GGZ VS Praktijkopdracht 1 A en 7.3 Marianne van de Linde December 2010
4 De casus
Piet is een 25 jarige jongeman die nog thuis bij zijn ouders woont. Piet is sinds kort met zijn ouders vanuit de Randstad naar Brabant verhuisd. In Rotterdam werkte Piet in de bouw en had daar destijds een vriendin. Hij gebruikte veel drugs, met name op houseparty’s in de weekends. De verhuizing is Piet zwaar gevallen. Hij kon geen aansluiting vinden in zijn nieuwe woonplaats en het ging uit met zijn vriendin. Het is pas echt mis gegaan toen zijn ouders voor zijn neus in het plaatselijke café in elkaar werden geslagen door plaatselijke jongeren. Vader heeft blijvend letsel aan zijn oog en is hierdoor werkeloos geworden. Hierna nam de achterdocht bij Piet toe. Hij dacht dat het groepje plaatselijke jongeren hem om elke hoek stond op te wachten, dat zij tegen hem praatten door een buizenstelsel in de straat en er zou afluisterapparatuur in huis zijn geplaatst. Piet dacht zelfs dat de politie zijn rancuneuze gedachten richting de daders uit zijn hoofd kon aftappen en was vervolgens bang om opgepakt te worden. Piet trok zich meer en meer terug en raakte zijn werk kwijt. De zorgen bij zijn ouders namen toe. Toen Piet het midden in de winter uit angst niet meer uithield en ’s nachts op blote voeten het huis uit vluchtte, heeft moeder hulp ingeschakeld. Het VIP-team komt sinds enige tijd bij Piet thuis. Hij wil absoluut geen medicatie. Piet is een stoere, breedgeschouderde jongeman die beter wil worden ‘op eigen kracht’. Waar Piet eerst nog overtuigd was van de realiteit van zijn psychotische belevingen, neemt de twijfel het langzaam maar zeker over. ‘Fabriceer ik ’t dan allemaal in mijn hoofd? Dat kan toch niet, ’t kan toch niet allemaal nep zijn?’ Hier begint het herstelproces van Piet en zijn ouders, met de ondersteuning van het vroege interventie psychose team.

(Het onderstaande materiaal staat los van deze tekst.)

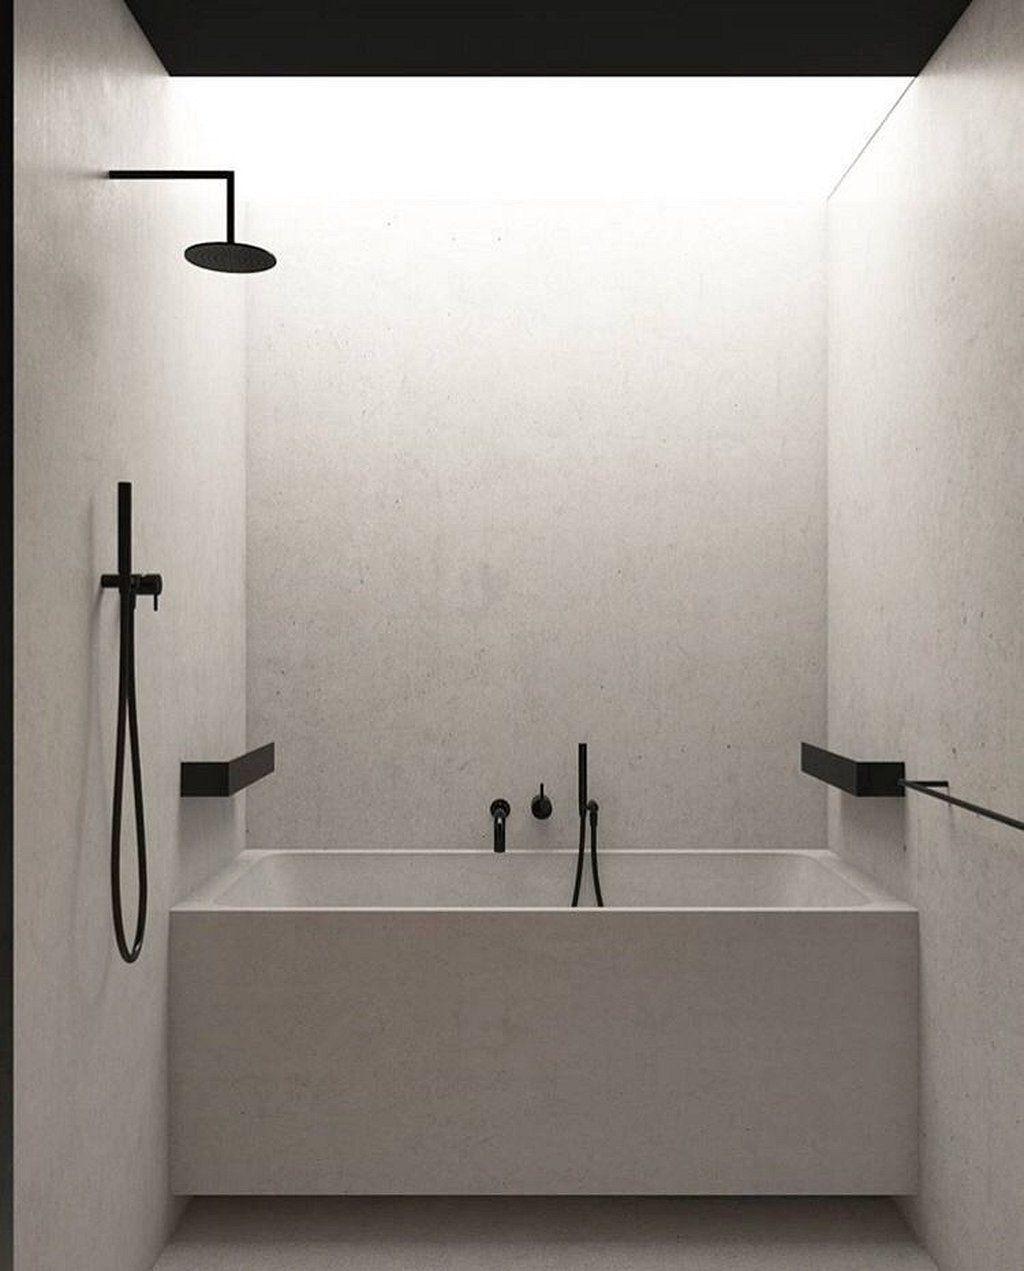 105 Inspiring Examples Of Contemporary Interior Design Https Www Mobmasker C Bathroom Interior Design Minimalist Bathroom Design Contemporary Interior Design

Het herstelproces van de cliënt en het systeem Wanneer iemand een eerste psychose doormaakt, heeft dat niet alleen een enorme impact op de persoon zelf, maar ook op de familieleden of andere naasten van deze persoon. Angst, verdriet, schuld en boosheid zijn veel voorkomende emoties bij ouders. Dit is ook voorspelbaar, aangezien ouders geen eerdere opgedane kennis of ervaringen hebben ten aanzien van psychosen om op terug te vallen (Shore, 2006). In het VIP-team Breda ziet men ook dat naasten worstelen met het feit dat hun partner, zoon of dochter een psychose doormaakt. Zij maken, net als de cliënt, ook een herstelproces door. In de casus van Piet heeft de moeder vooral veel verdriet.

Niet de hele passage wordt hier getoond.